Saturate a resource — drive it to full capacity:
To saturate a resource is to use 100% of it so that additional work must wait — the queue builds and latency climbs.
"At peak we saturated the NIC", "the disk is saturated", "we hit saturation on the connection pool"
Noun: saturation — one of the USE method's three signals (Utilisation, Saturation, Errors)
"Beyond saturation, every extra request just increases the queue depth and tail latency."
Utilisation vs. saturation: 100% utilisation alone is not always bad; saturation specifically means demand exceeds capacity so work backs up (run-queue length, pool wait time, etc.).
Why not the distractors?Provision = set up/allocate resources; deprecate = mark for removal; serialize = convert data to a storable/transmittable form. Only saturate describes pushing a resource to its limit until work queues.
3 / 5
An API gateway is configured so that "each client is allowed 100 requests per minute; beyond that we ___ them and return HTTP 429." Which verb describes capping a client's request rate?
Rate-limit — cap how many requests a client may make:
To rate-limit is to restrict the number of requests a client can make in a time window; excess requests are rejected, classically with HTTP 429 Too Many Requests.
"We rate-limit the public API to 100 req/min per key."
Closely related: throttle — to deliberately slow down or restrict throughput ("we throttled background jobs to protect the DB")
Rate-limit vs. throttle: both restrict, but rate-limit usually means a hard request cap (reject over the limit), while throttle often means slowing things down or reducing allotted resources. They overlap and are sometimes used interchangeably.

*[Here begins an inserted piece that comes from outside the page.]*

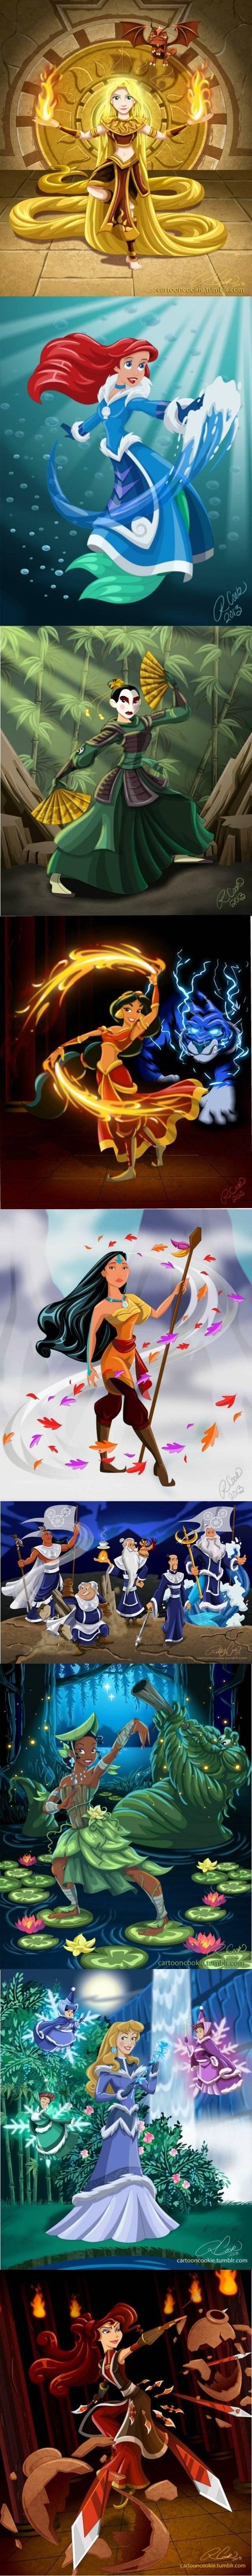 Disney as Avatar characters! Love it! :)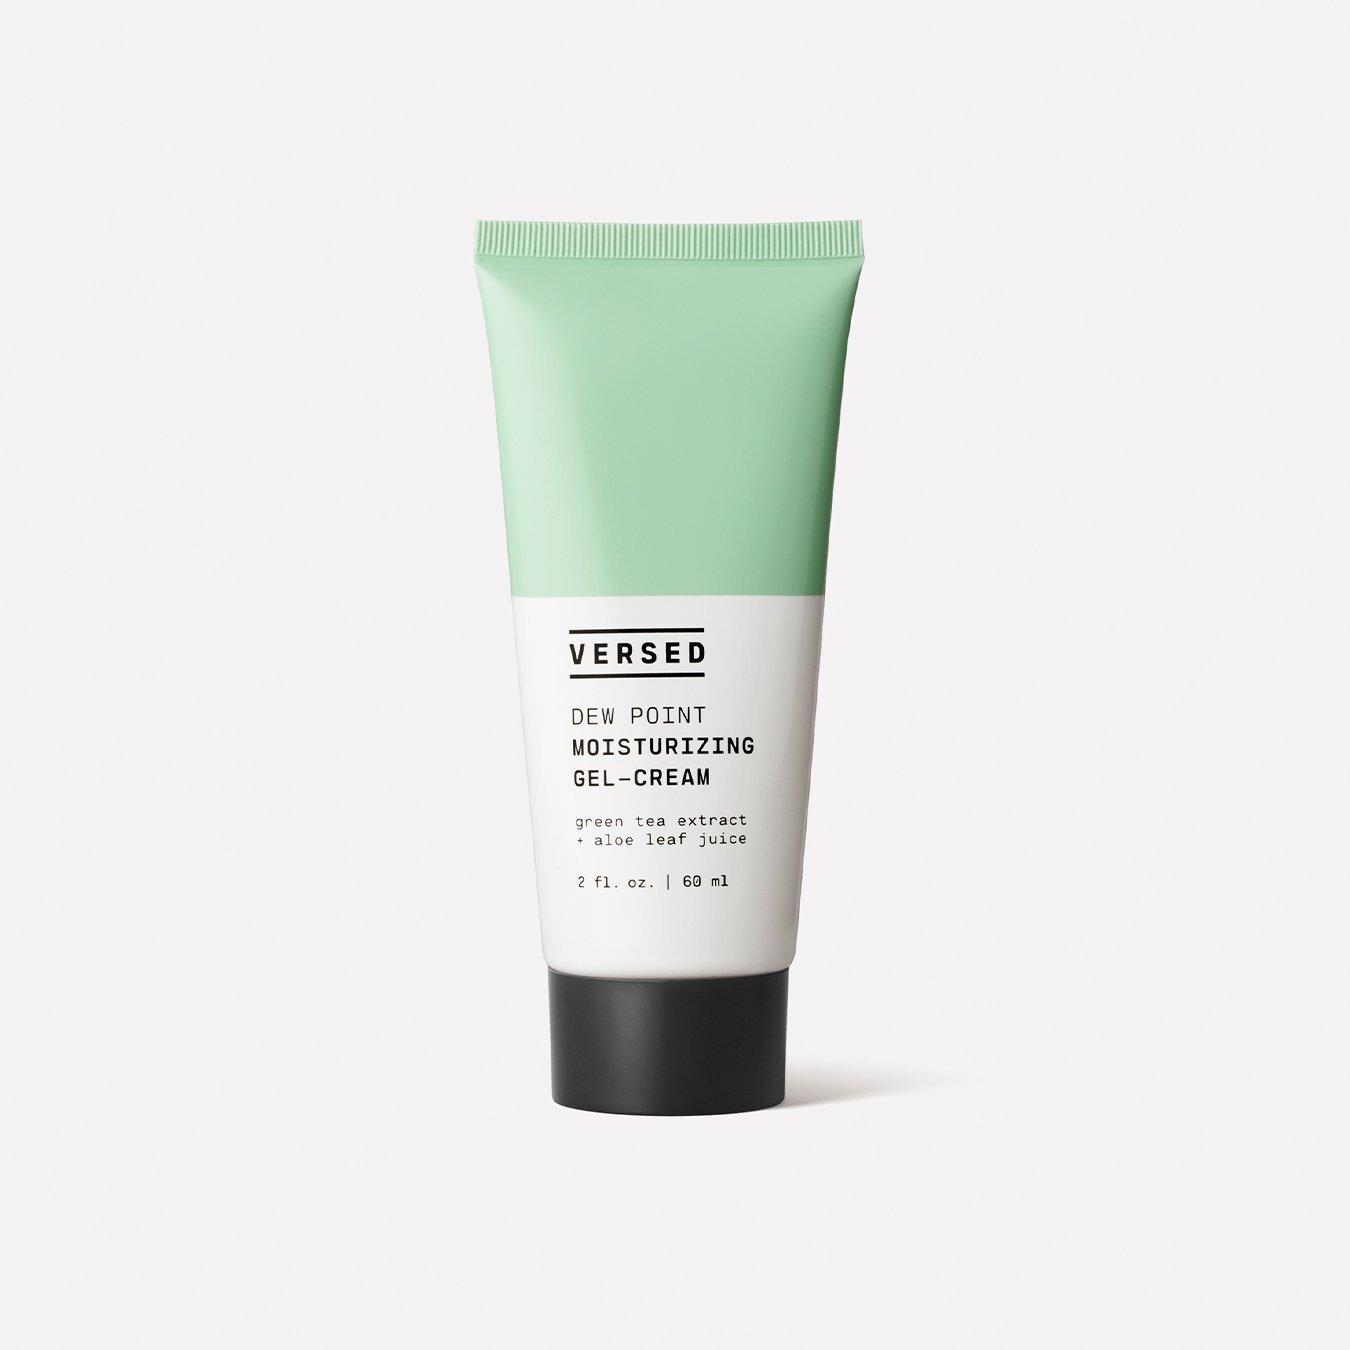 Versed-Skincare-Dew-Point-Moisturizing-Gel-Cream-02_1800x.jpg

Distractors:cache = store responses to avoid recomputation; load-balance = distribute traffic across instances; replicate = copy data/services for redundancy. None cap a client's request rate — that is rate-limit.
4 / 5
A post-mortem explains a slowdown: "Two services fought over the same lock — that ___ added 200ms to every write." Which term names competition for a shared resource?
Resource contention — competition for a shared resource:
Contention is when multiple threads, processes, or services compete for the same resource — a lock, a connection-pool slot, CPU, or disk — and must wait their turn, adding latency.
"Lock contention serialised the writes", "contention on the connection pool", "the mutex is hot / highly contended"
Collocations: reduce / avoid / eliminate contention; "shard the data to cut contention"
Fixes: finer-grained locks, lock-free structures, sharding, increasing the pool, backing off retries.
Why not the distractors?
Fragmentation — data/free space scattered in non-contiguous chunks (memory/disk)
Redundancy — duplicating components so one can fail without downtime
Idempotency — an operation that can be repeated safely with the same result
When two things "fight over" the same resource, the precise word is contention.
5 / 5
A finance-driven review concludes: "These instances are massively over-provisioned; we should ___ them to cut cloud spend without hurting performance." Which verb means "match the instance size to the actual need"?
Right-size — match capacity to real demand:
To right-size (a resource, instance, or cluster) is to adjust its size so it matches actual utilisation — neither over-provisioned (wasting money) nor under-provisioned (risking saturation).
"We right-sized the nodes from 8 vCPU to 2 and cut cost 60%."
Capacity planning is the broader practice: forecasting future load and ensuring enough headroom to meet it without over-spending. Right-sizing is one of its tools, alongside autoscaling and setting sensible CPU/memory requests and limits.
Why not the distractors?Refactor restructures code; defragment reorganises storage; obfuscate obscures code. None concern instance sizing. When you tune capacity to match real need, the verb is right-size.